Fourth, assumption tests are not always warranted, and there are some situations in which they do more harm than good. A well-known example is the test for homogeneity of variance prior to conducting a two-sample t test. In that situation, the assumption test is unhelpful because the Welch version of the test has no equal variance assumption, and yet performs as well or better than the two-sample t test, even when homogeneity of variance is satisfied (Moser & Stevens, 1992; Zimmerman, 2004). Of course, there is no reason to expect that the pitfalls of assumption tests can be avoided by informal inspections of Q–Q plots or other graphs. Informal judgments can carry the same risks as formal hypothesis tests, and possibly more; if they are less discriminating, they behave as assumption tests, but with additional noise influencing the outcome.

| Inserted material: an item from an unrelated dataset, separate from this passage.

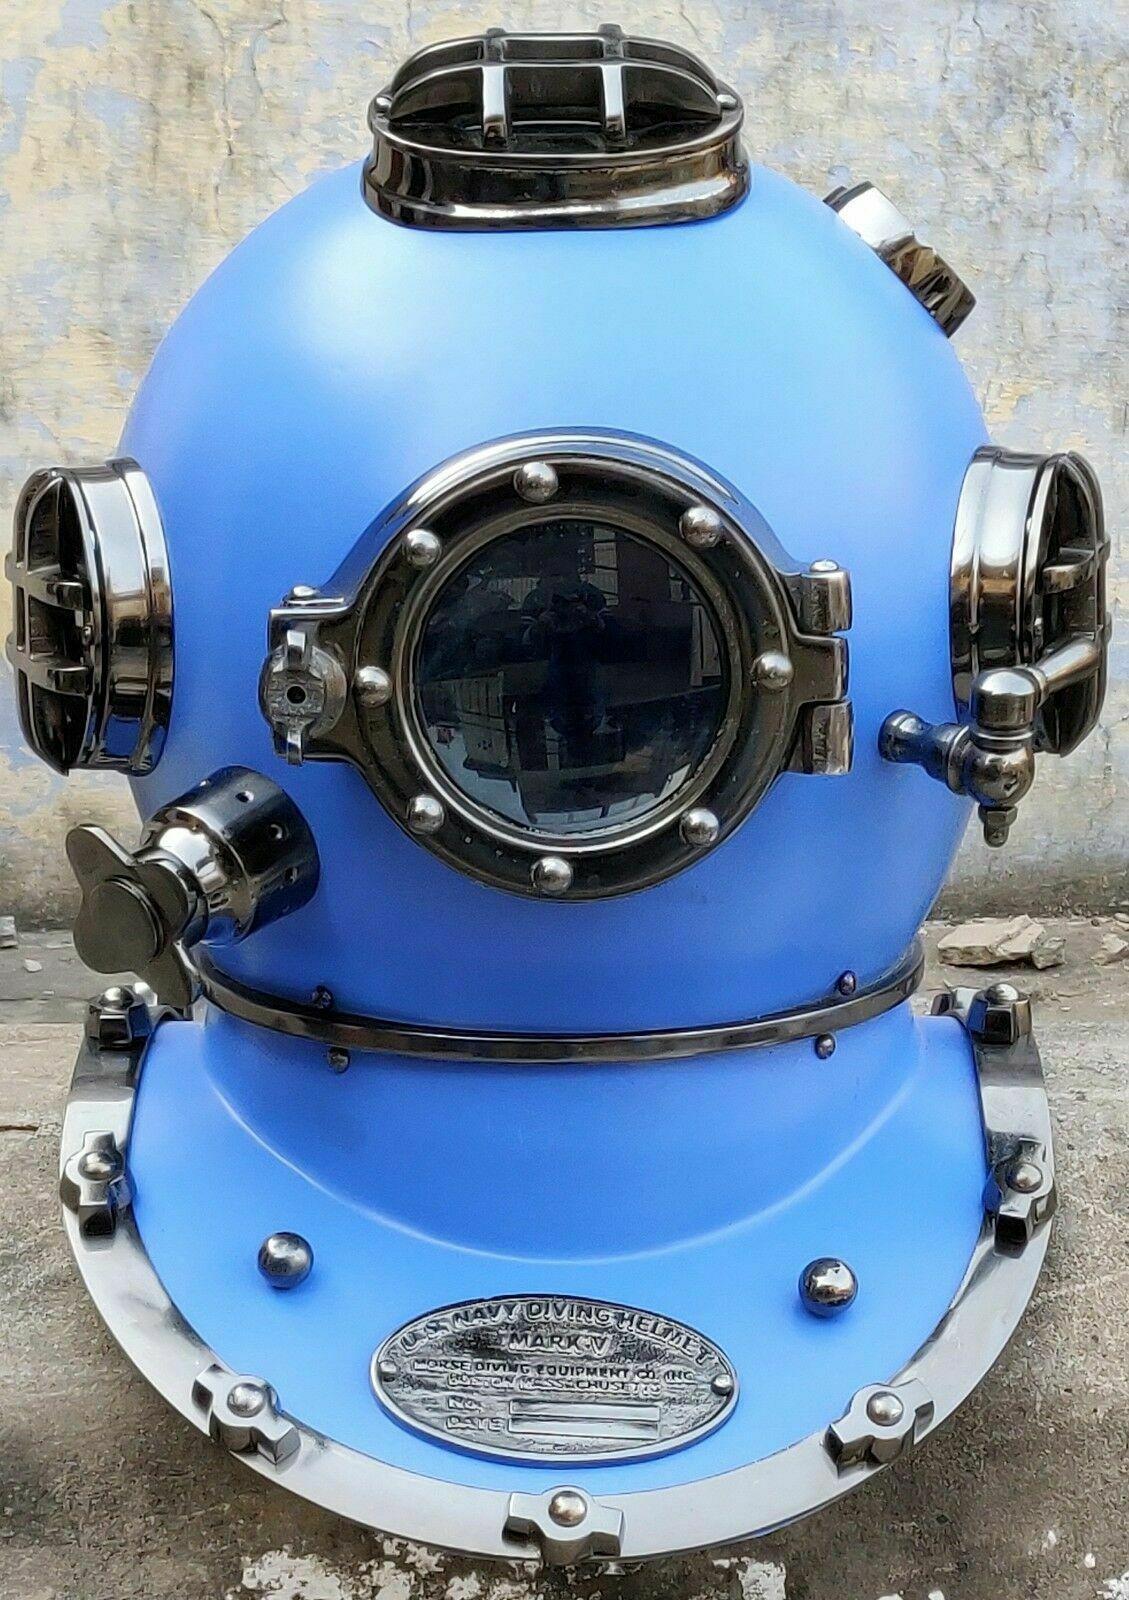 Brass Divers Helmet Maritime Diving Mark V Decorative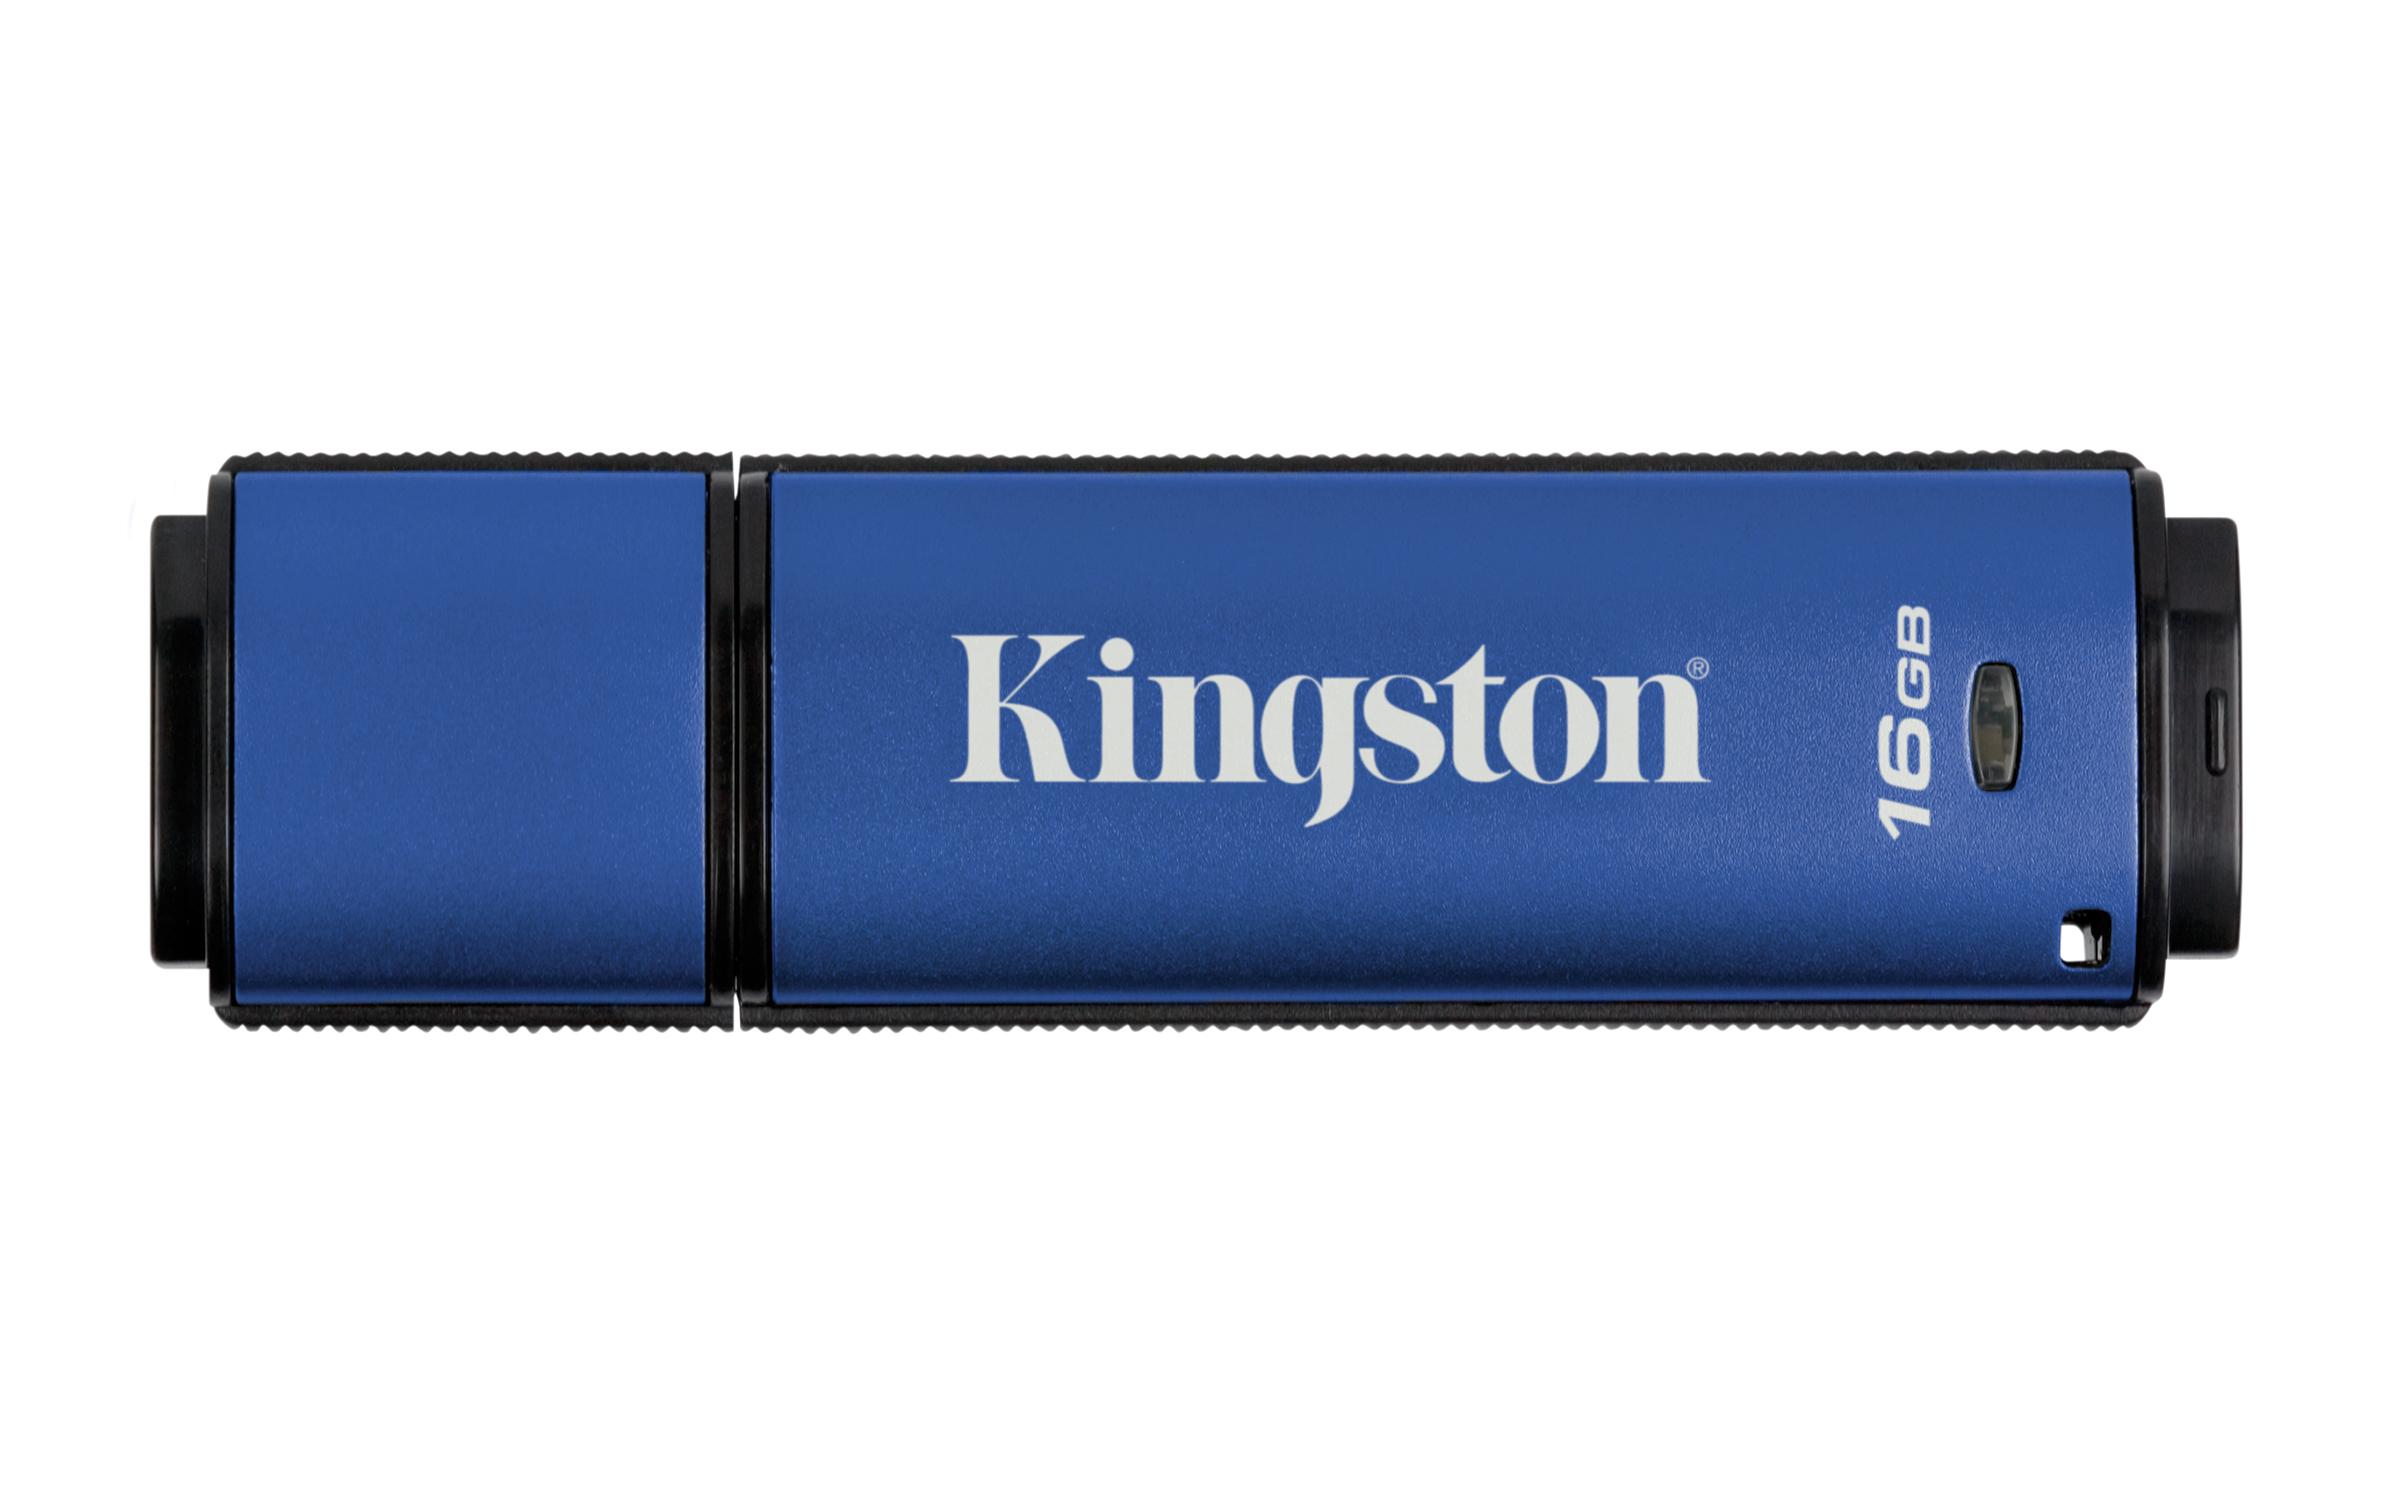 DTVP30 USB-Stick 16 GB (256-bit AES Encrypted, USB 3.0)

Finally, while power and Type I error are important considerations for choosing a model, numerous other factors might also be considered, such as interpretability, precision of estimates, and prediction error. That is, model choice is a complex, multi-attribute decision problem. Even if the decision ultimately relies on some informal weighting of these many attributes, it could still be advantageous to formalize the judgment of individual attributes.

Conclusions

The relative value of formal tests versus informal statistical judgments may appear obvious, or at least until one recalls the long-standing debates about these issues (Bakan, 1966; Cumming, 2014; Fisch, 1998; Greenwald, Gonzalez, Harris, & Guthrie, 1996; Nelson, Simmons, & Simonsohn, 2018; Skinner, 1956). Experiments that directly compare formal and informal statistical judgment, and particularly within an ROC framework, offer an empirical approach to navigate these debates. The experiments here showed that formal statistical judgment can be more discriminating, resulting in slightly higher power of the chosen statistical model.